■ Prompt: Please write out the whole listing that follows exactly; the pictures stay out.

■ Information provided:
........

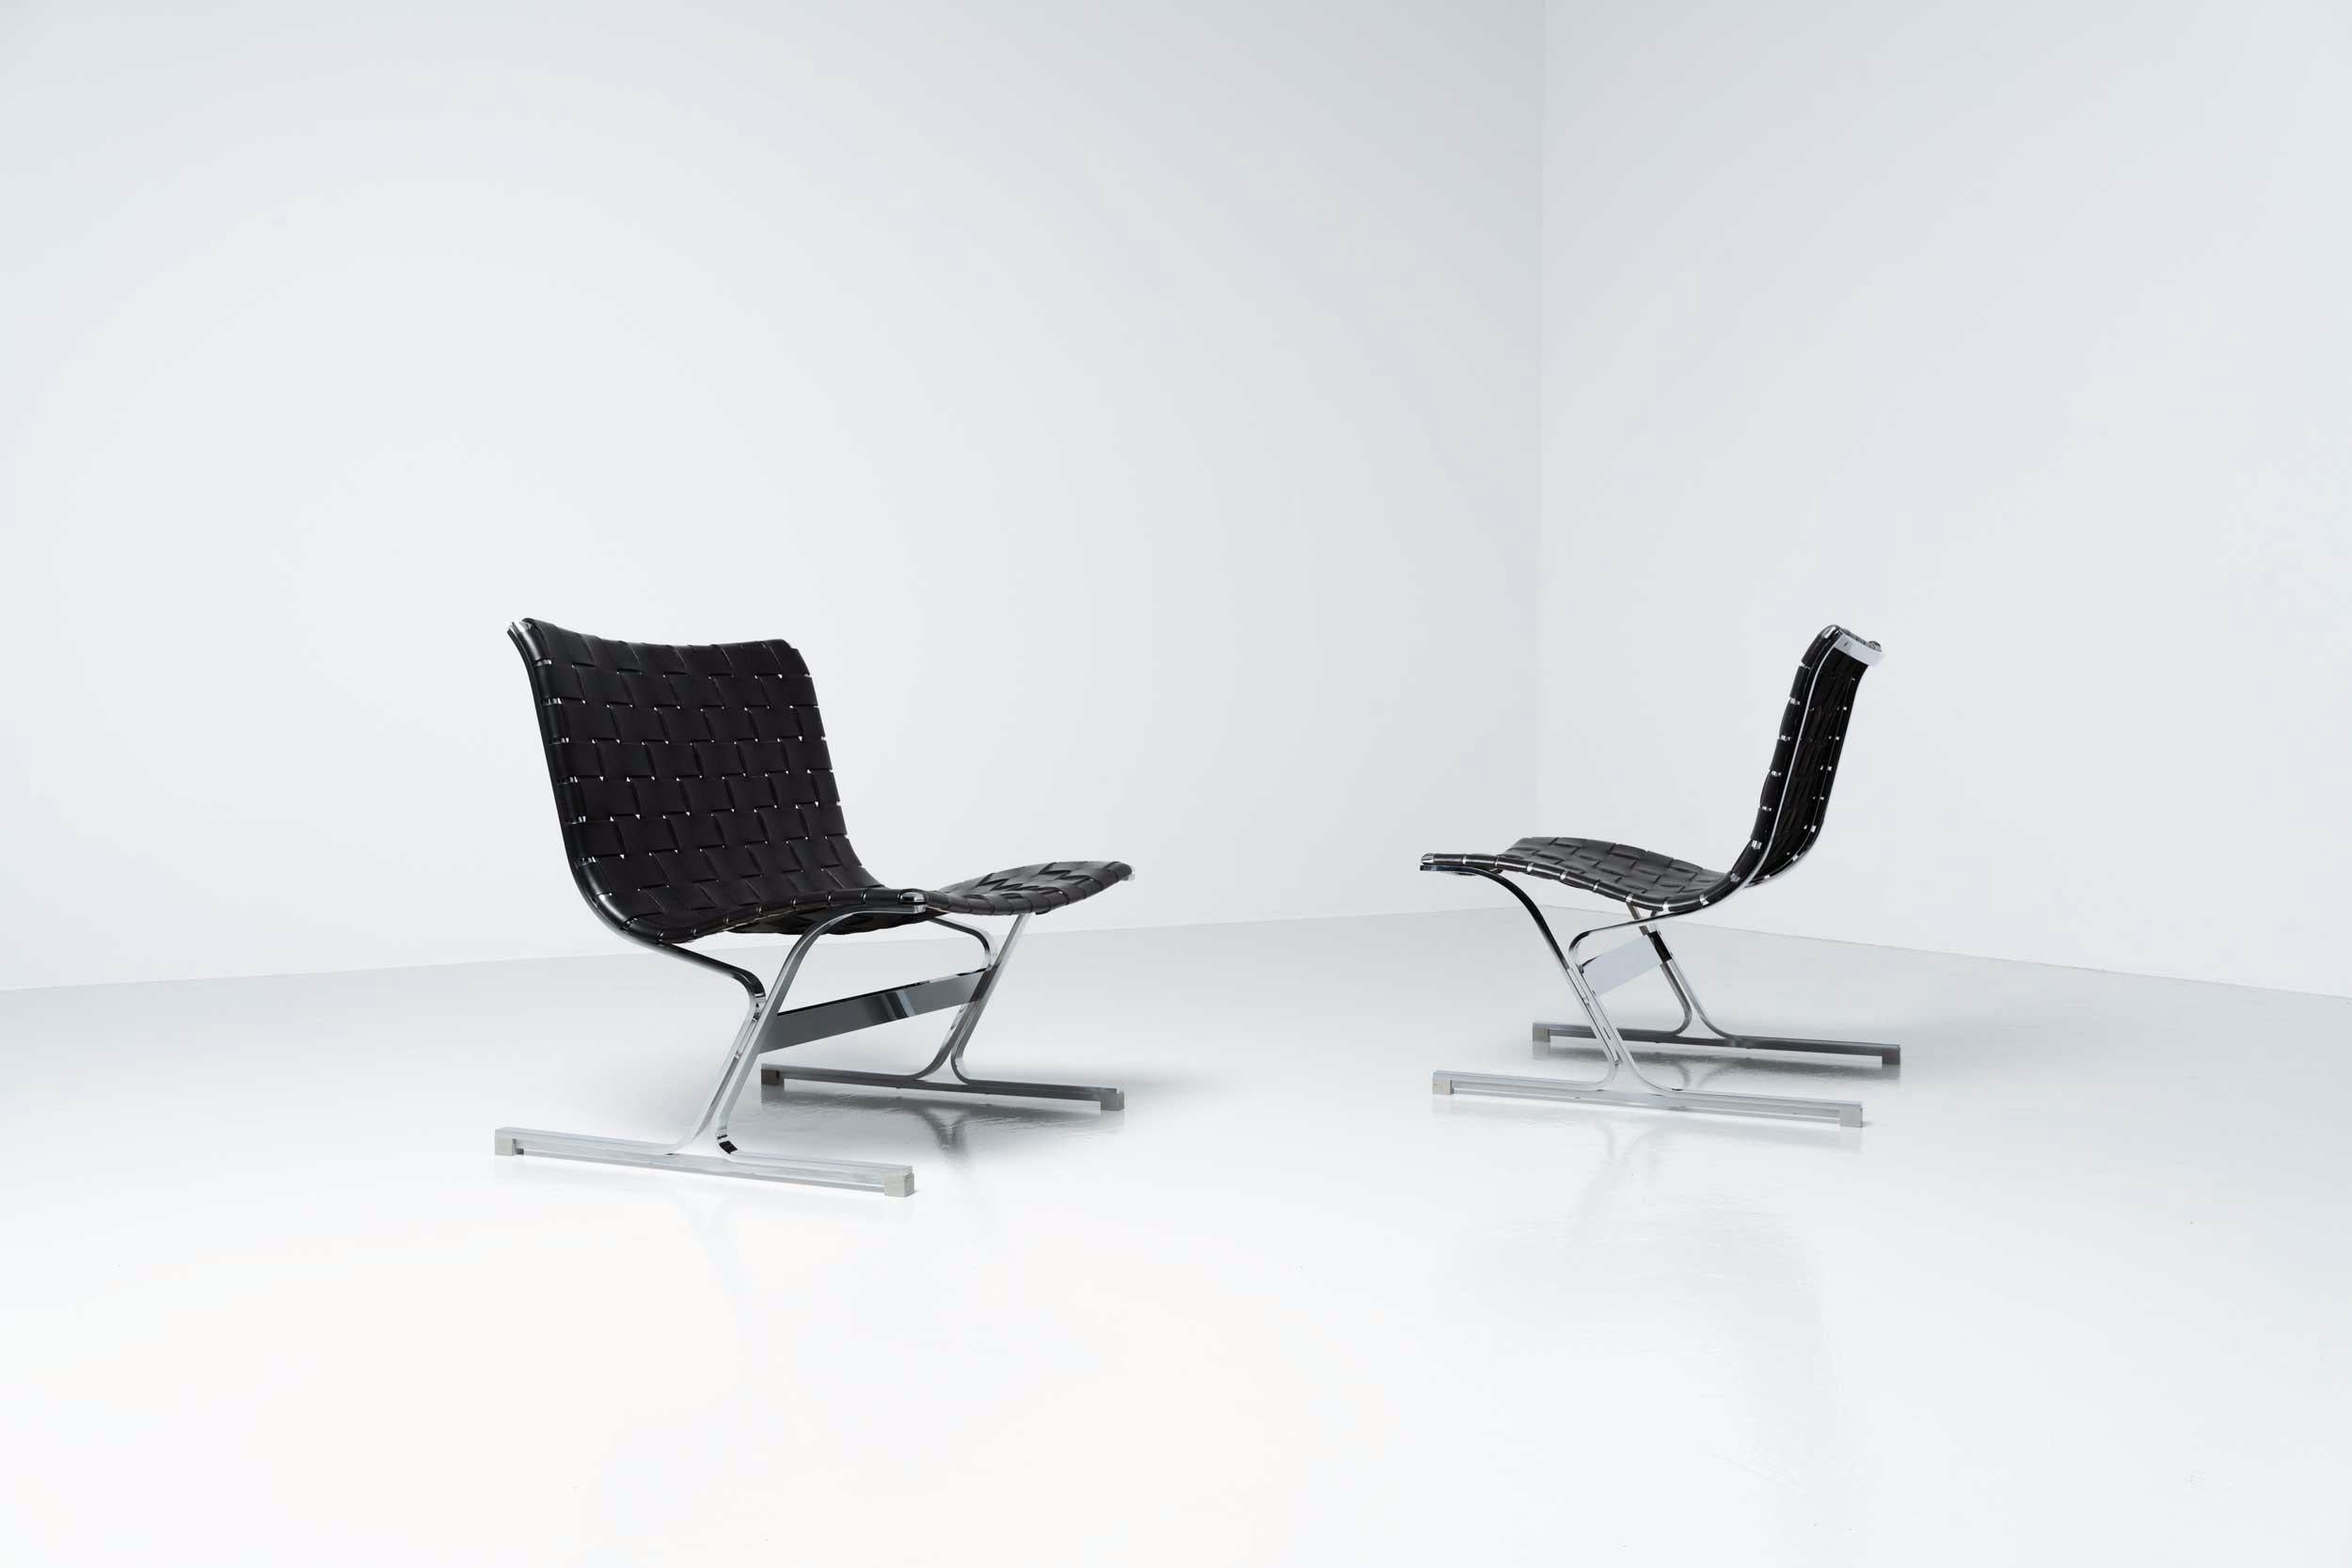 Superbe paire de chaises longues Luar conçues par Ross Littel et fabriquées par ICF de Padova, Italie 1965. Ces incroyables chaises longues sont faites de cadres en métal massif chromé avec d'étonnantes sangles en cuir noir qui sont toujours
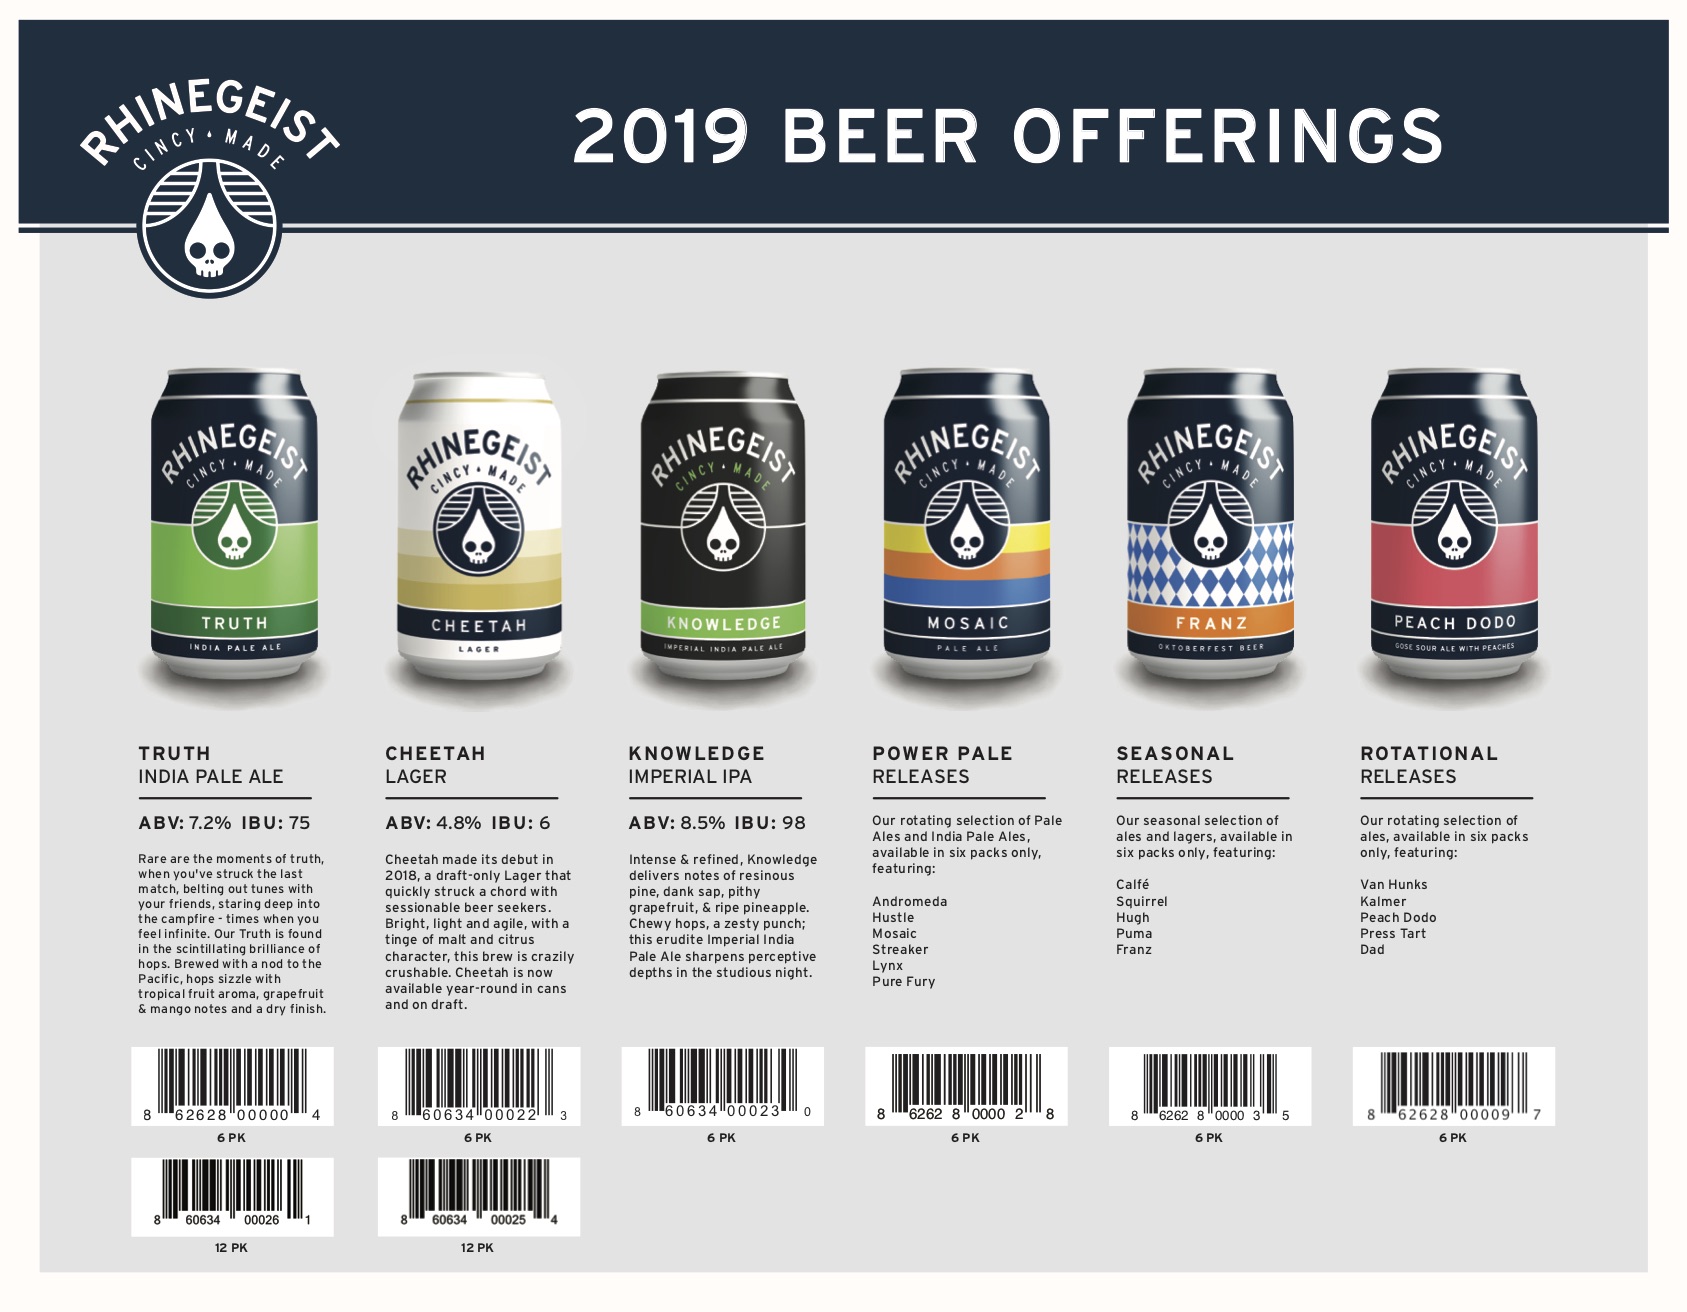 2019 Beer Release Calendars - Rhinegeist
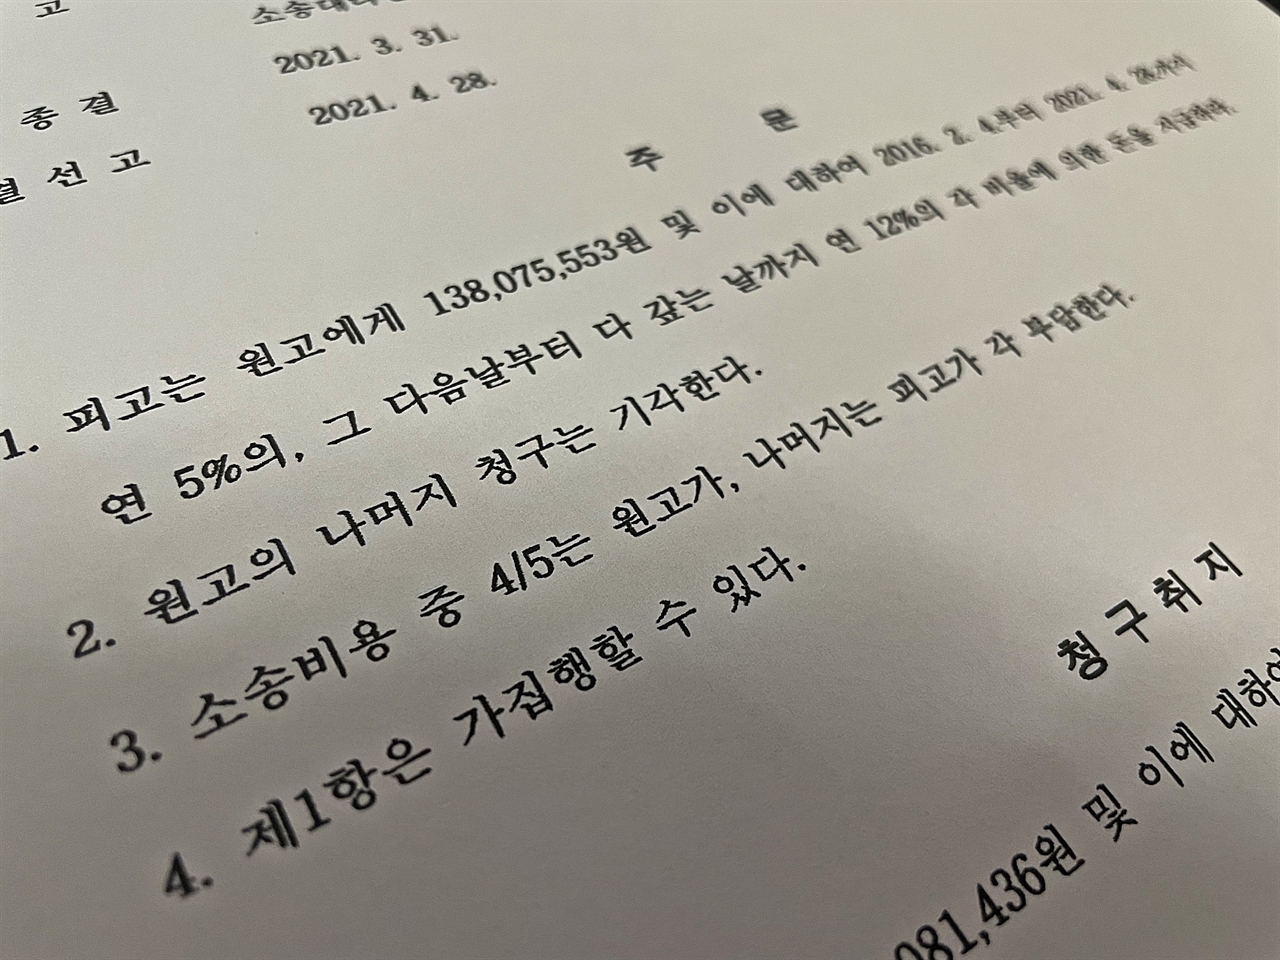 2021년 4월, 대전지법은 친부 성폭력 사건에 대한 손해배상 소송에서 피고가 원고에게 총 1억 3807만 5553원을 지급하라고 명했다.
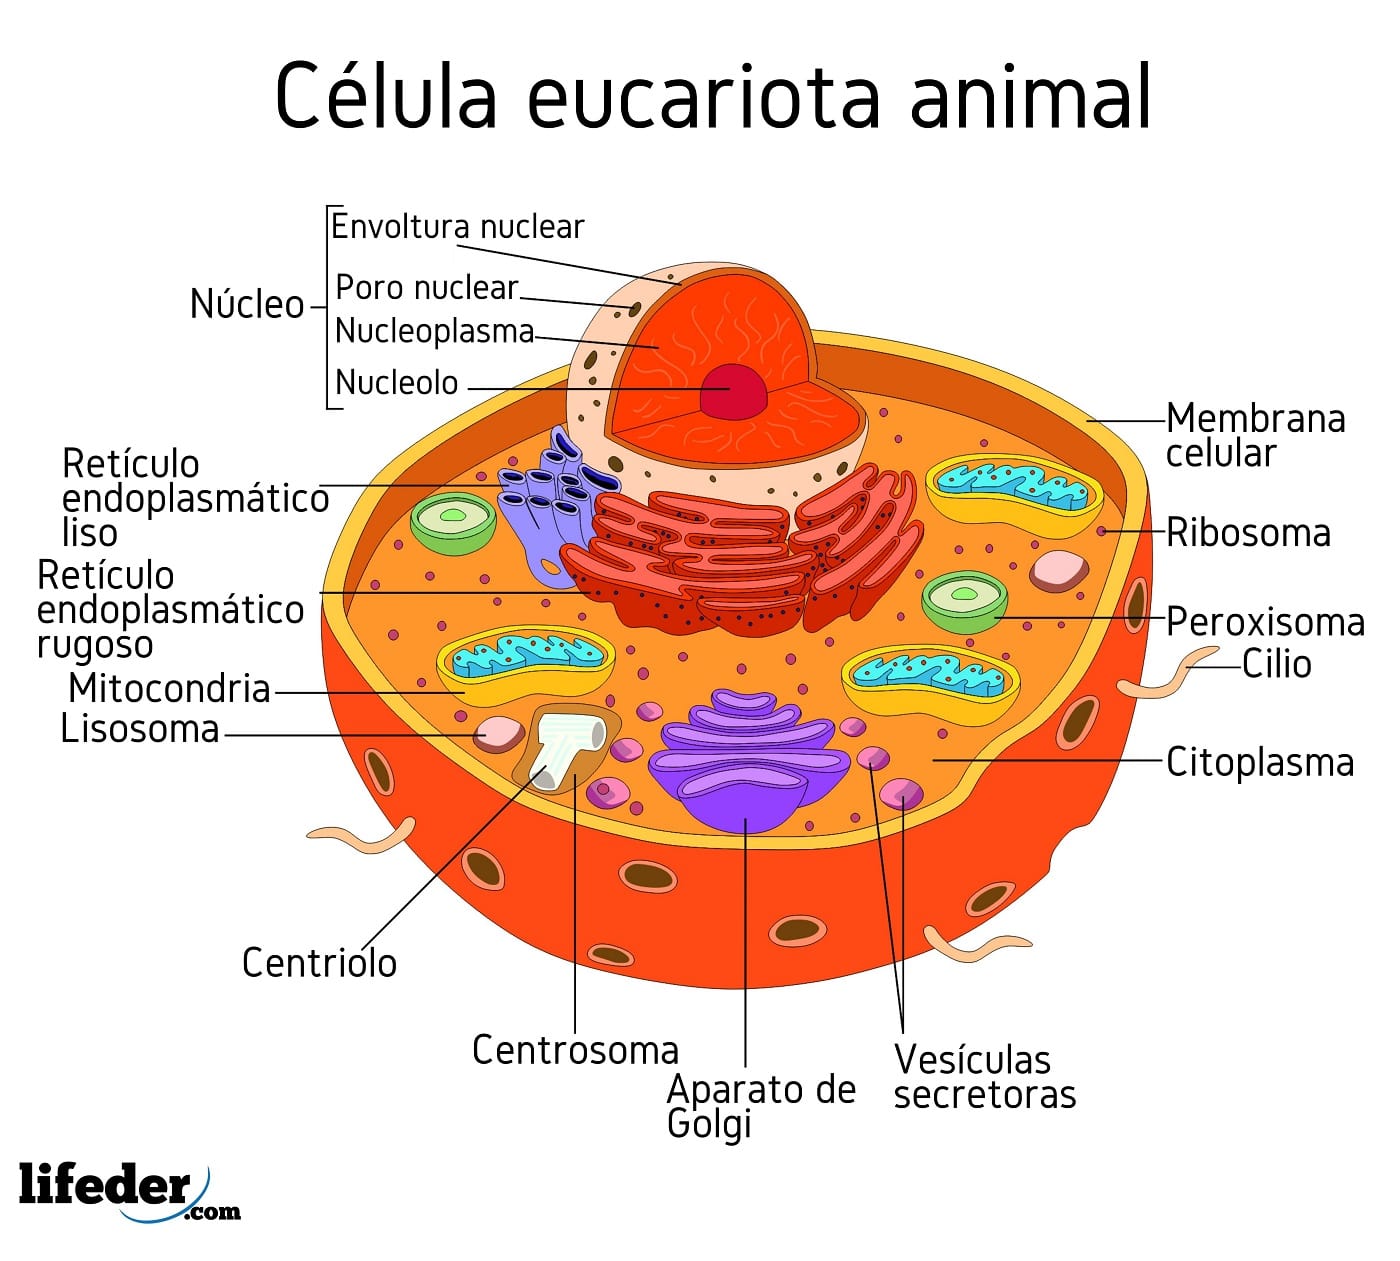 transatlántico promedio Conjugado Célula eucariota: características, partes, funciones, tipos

........

■ Output for this task:
 Superbe paire de chaises longues Luar conçues par Ross Littel et fabriquées par ICF de Padova, Italie 1965. Ces incroyables chaises longues sont faites de cadres en métal massif chromé avec d'étonnantes sangles en cuir noir qui sont toujours
 2019 Beer Release Calendars - Rhinegeist
 2021년 4월, 대전지법은 친부 성폭력 사건에 대한 손해배상 소송에서 피고가 원고에게 총 1억 3807만 5553원을 지급하라고 명했다.
 transatlántico promedio Conjugado Célula eucariota: características, partes, funciones, tipos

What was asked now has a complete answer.